FILE* fin = fopen("someFile.txt","r");
int theInt;
int* theIntPtr = &theInt;
fscanf(fin, "%d", theIntPtr);

The assignment

In this assignment, we'll be working with ISBN (International Standard Book Number) numbers, a special code printed on the books of most countries.

The ISBN-10 code (there's also an ISBN-13) consists of 9 digits followed by a tenth check symbol. This check symbol serves to detect errors if some of the 9 digits are improper. The algorithm relating the digits to the check symbol begins by summing the first digit plus 2 times the second digit plus 3 times the third, and ultimately 9 times the ninth digit. Then compute the remainder of this sum divided by 11. If this remainder is 10 then the check symbol is "X" (or "x"), otherwise the check symbol is the remainder.

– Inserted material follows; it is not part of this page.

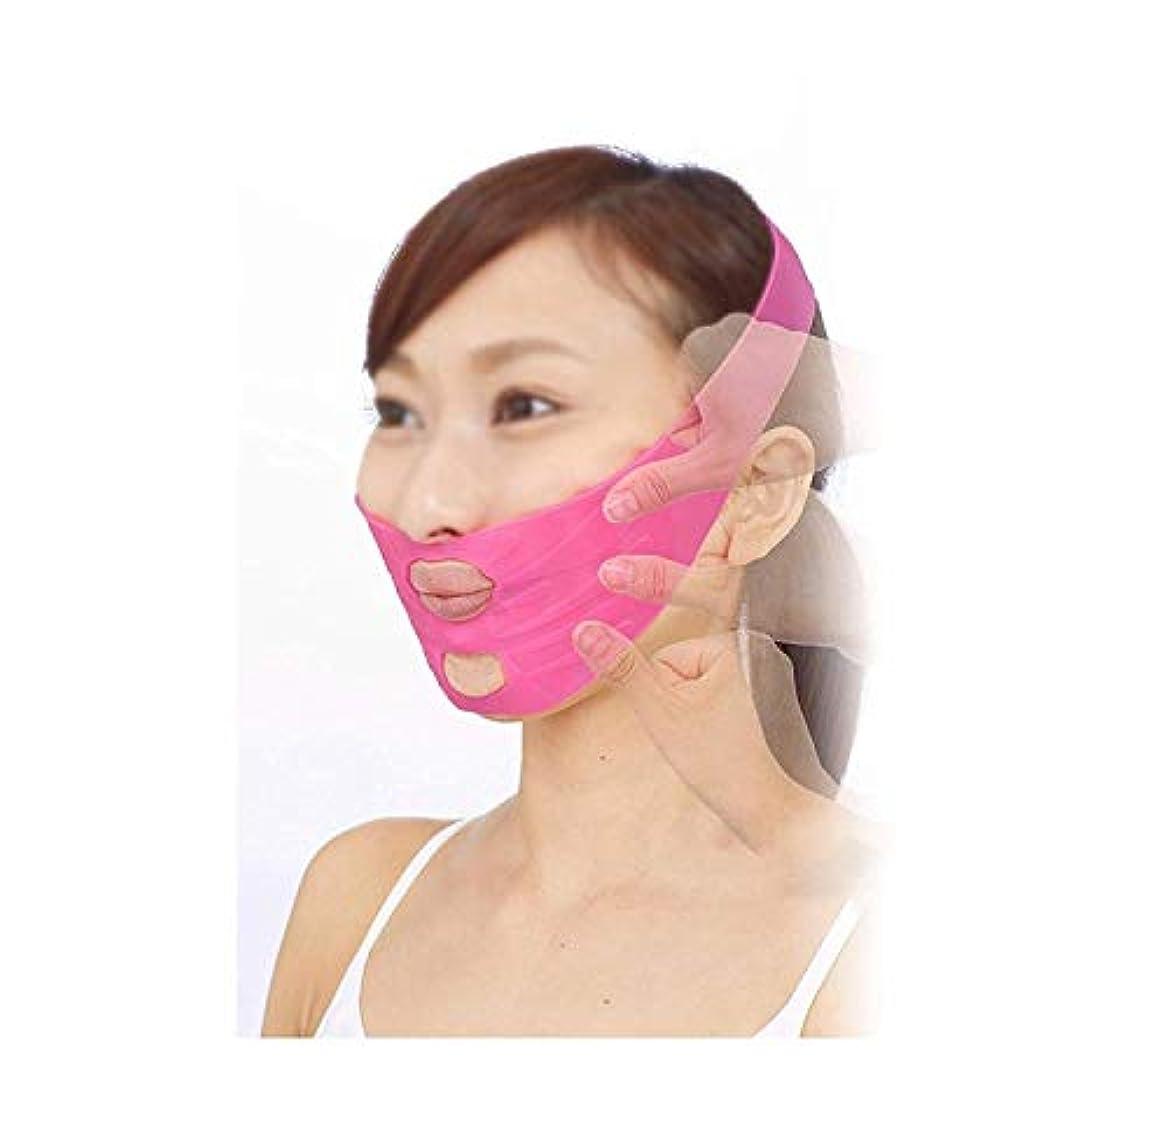 慰め代表団ペデスタルフェイシャルマスク、リフティングアーティファクトフェイスマスク垂れ下がった小さなVフェイスバンデージ付きの顔

This file contains two files, ISBNOnly.txt and BX-Books-Treated.csv. Look at BX-Books-Treated.csv first. This file contains the ISBNs, Title, Authors, Publishing year, and Publishing Company for 270,876 books, separated by semicolons. ISBNOnly.txt contains the same, but only the ISBNs.

Some of these ISBNs are wrong. I'd like to know which ones.

For part 1 (85/100), write a program called part1.c which reads in from ISBNOnly.txt and outputs the incorrect ISBNs within the file. You may use the fact that we know there are 270,876 lines in the file. As part of this, you should create two functions with the following prototypes:

int* strToInt(char*);
int valid(char*);

strToInt takes in a 10-character string (an ISBN), and turns it into an array of integers. valid takes in a 10-character string (an ISBN) and returns 1 if it is a valid ISBN and 0 otherwise (you'll likely want to use strToInt within this function).

There are 7 incorrect ISBNs.

For part 2, do the same in a file called part2.c, but using BX-Books-Treated.csv. This should output the ISBN, the title, and the author of the books with incorrect ISBNs. For this, you'll likely want to check out the available string functions in string.h to do things like concatenation and checking equality (as + and == don't work for arrays).